The dark yellow, green and grey colours comprising the colour aspect of this painting are a hallmark for the perception of the main object - the quarry. What is notable is that people are missing from this landscape and this brings the sense of something unusual and worth exploring.

Nature with its seasons and many moods remain at the core of Joan's work. During her highly successful career as a painter she has changed from a representational style to one that is more abstract, as she continues to experiment with mood and light.

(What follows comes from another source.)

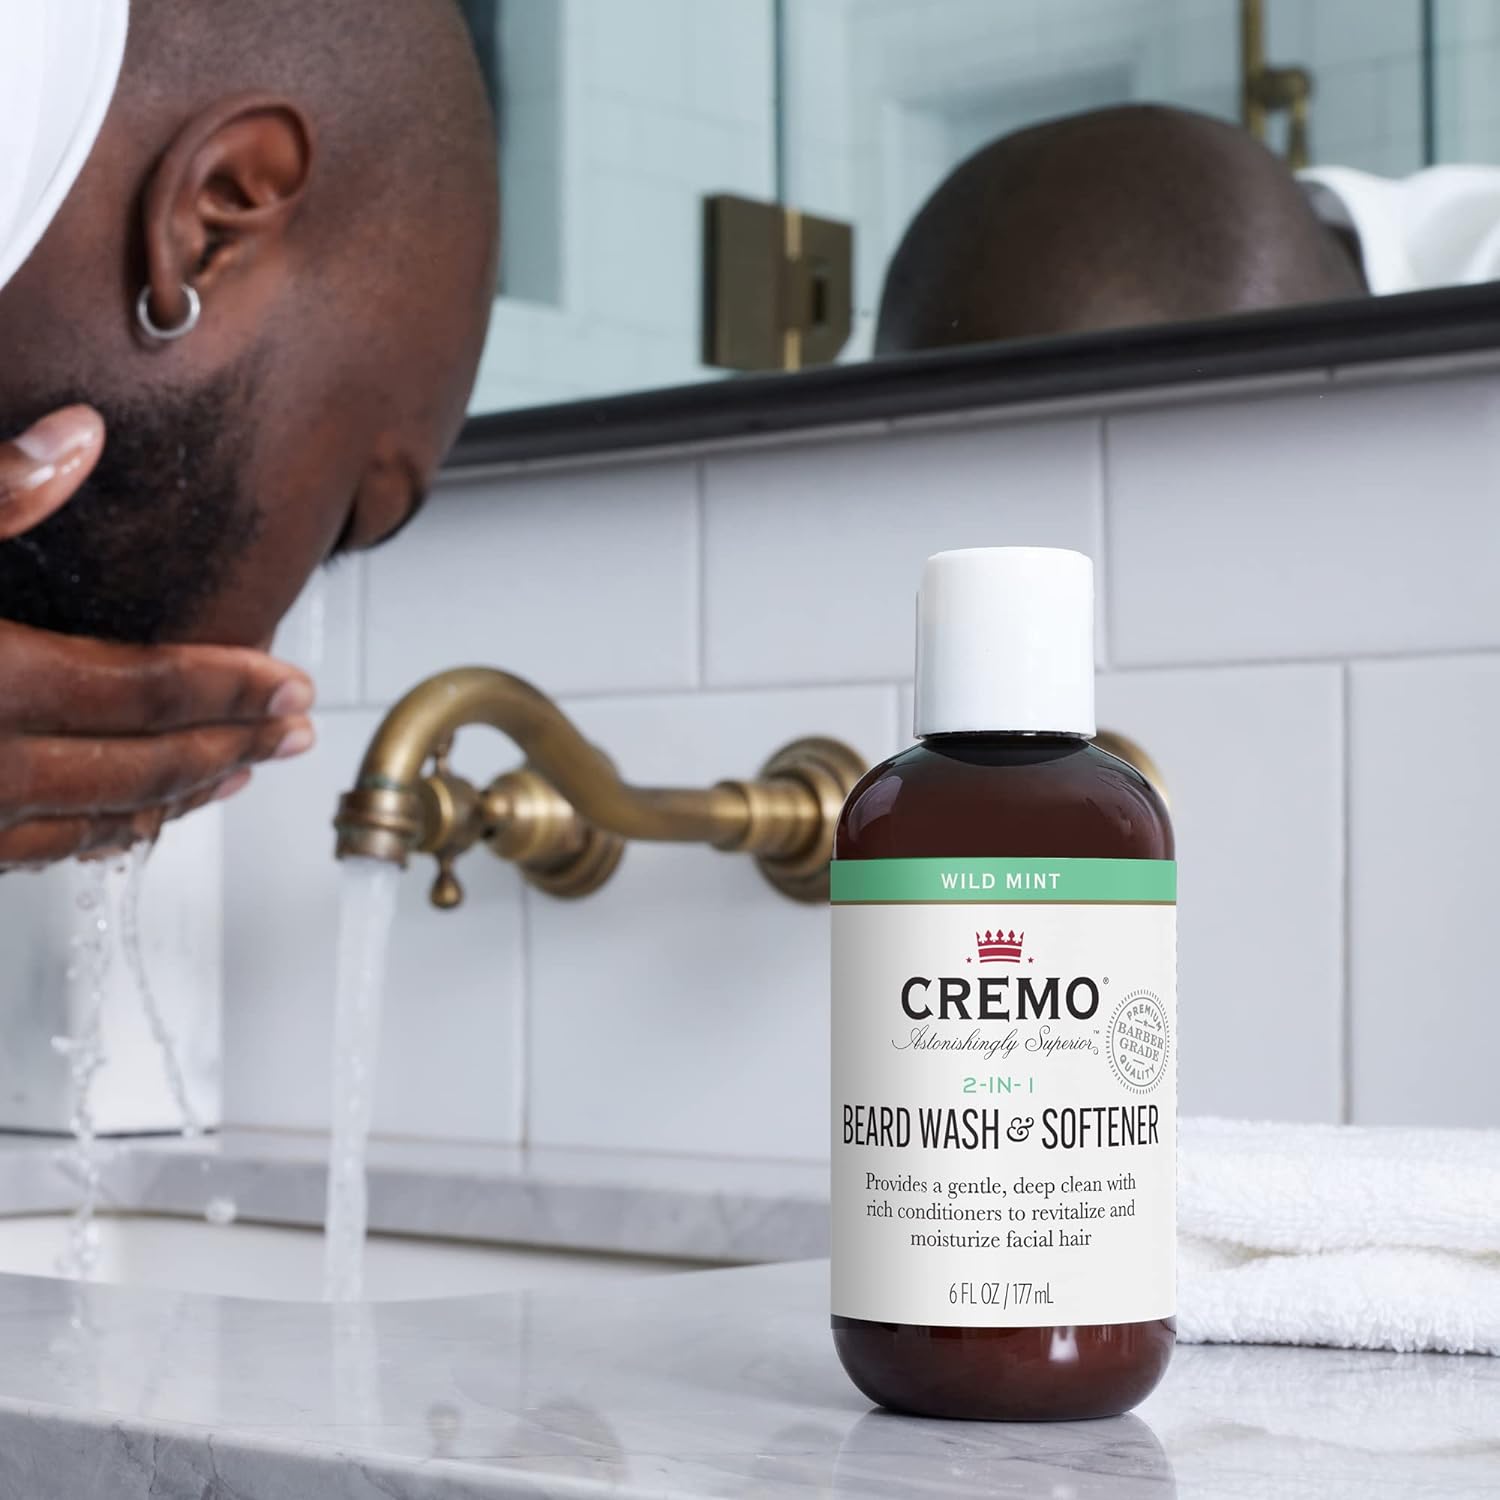 Cremo Wild Mint Beard and Face Wash, Specifically Designed to Clean Coarse Facial Hair, 6 Fluid Oz : Beauty & Personal Care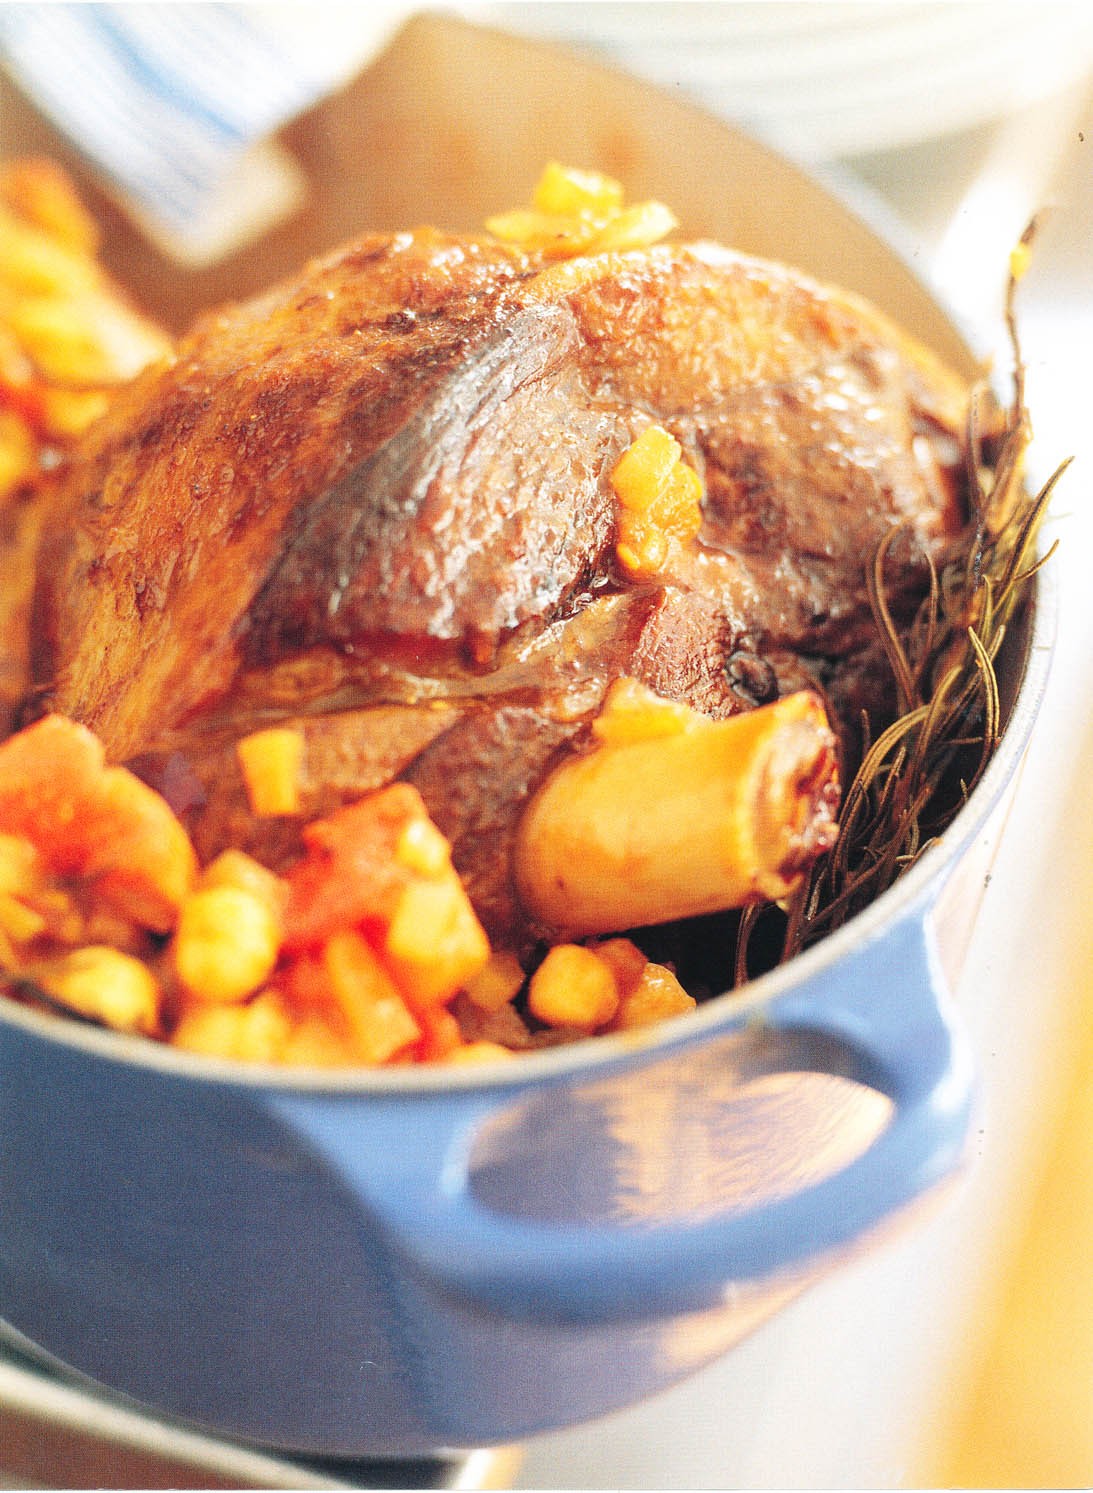 Braised leg of lamb with chickpeas and spices from Soho Cooking by ...

Joan Renton RSW was born in 1935 and attended the Dumfries Academy before studying at the Edinburgh College of Art from 1953 to 1957. In her early career she was introduced to the work of Anne Redpath and at ECA she studied under William Gillies, John Maxwell and Robin Philipson, all of whom became influences on her work. After graduating she received a travelling scholarship to Spain in 1959: on her return, she began teaching in schools before turning to painting full time in 1982. Her work has been exhibited in twenty four solo shows across Britain, including exhibitions at the Edinburgh Gallery, Open Eye Gallery and Sally Hunter Fine Art, in London. Her work has also been shown in international group exhibitions that include venues in France, Holland, Spain, Germany, Hong Kong and the United States. She has also been featured in national collections including The City of Edinburgh Art Centre, The Duke of Edinburgh’s collection and Yorkshire City Collection. Renton’s awards include the Royal Scottish Soceity of Watercolourists Betty Davis Award in 1992 and the Anne Redpath Award from the Scottish Artists and Artist Craftsmen, which she led from 1988 to 1991. She was elected to the RSW in 1974 and is a past Council member.

Renton’s style is typically more abstract than representational. She states that ‘although my paintings have their origins in nature, the influences of light and atmosphere are more important to me than realistic representation.’